Branded to Kill

Branded to Kill

Oddball early 60s B&W Japanese gangster gem with very odd structure and without straightforward narrative. Director Seijun Suzuki’s films for the Nikkatsu studio kept getting stranger and less commercial, so he was instructed to turn in something more conventional.

Instead, he made this decidedly non-traditional film and was promptly fired. “They told me my films didn’t make money and they didn’t make sense, so they fired me,” says Suzuki in an interview on the DVD. After firing, he successfully sued Nikkatsu, but was blacklisted and didn’t work for 10 years. 2001 brought a sequel of sorts called Pistol Opera.
Hamster-faced star Jo Shishido had collagen implants placed in his cheeks to boost his box office appeal, and it apparently worked, too, but it makes him look hella weird to these western eyes. He plays a hit man (ranked No. 8) who is talked out of retirement. Things go wrong, and a contract is taken out on him. His wife even tries to kill him! He meets a beautiful hit woman with dead butterflies on her walls—“Where can I pin you?” she asks.

Hanada loves the smell of boiling rice more than anything. It gets him sexually stimulated. After having lots of rough sex, his tired wife doesn’t want to put on any more rice.

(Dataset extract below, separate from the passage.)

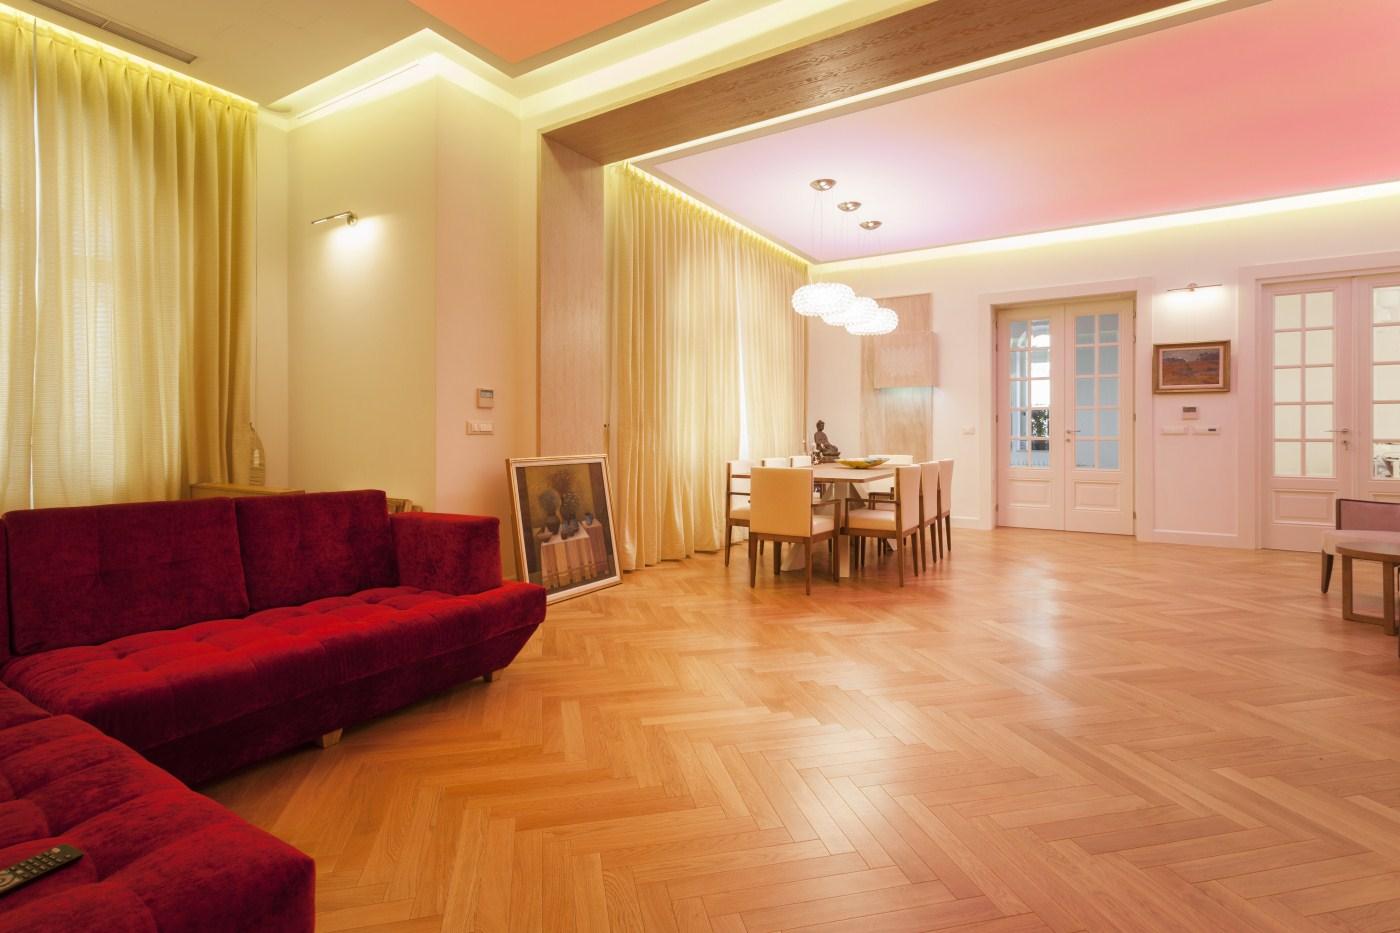 https://nbc-arhitect.ro/wp-content/uploads/2020/10/NBC-Arhitect-_-restorations-_-Washington-House-_-Bucharest-Romania_9.jpg

The assassinations he is assigned are shot quite well, I particularly like when he unscrews a pipe and shoots an eye doctor up through the drain right in his face! Later, the assassin No. 2 is assigned to kill him. They are handcuffed together so they can keep an eye on each other, because No. 2 has said he could kill Hanada at anytime.

So it gets strange, as the connected assassins try to move around the house and do things while cuffed together, all the time watching for signs that the other is going for his gun.
Increasing gunplay and jarring edits build a swirling atmosphere of disorientation. The narrative is subordinated to form, so the set, cinematography and editing tell the story. The plot is simple and yet murky. The film stands up really well, considering Nikkatsu had a policy of only taking 28 days to shoot and edit a picture. The over-the-top style brings to mind Sam Fuller, but is truly original and outrageous.

Lot of facial close-ups and static shots. The non-linear jumps in time and space are bit confusing, and the story reveals itself more upon repeat viewing. It’s as if he’s purposely trying to break the “rules” of cinematic “language” that we’ve taken for granted all these years.


Worth a look. Maybe a little hard to follow at times, but lots of action, and beautiful shots by a director striving to innovate. Keep your eyes peeled for: guy running on fire, wife scraping her nails on window, rice cooker sniffing, butterfly landing on gunfight, wife saying “Beast needs beast” then shooting him, the big finale in a boxing ring. The DVD has an interview with the director and a gallery of cool posters from 60’s Yakuza films.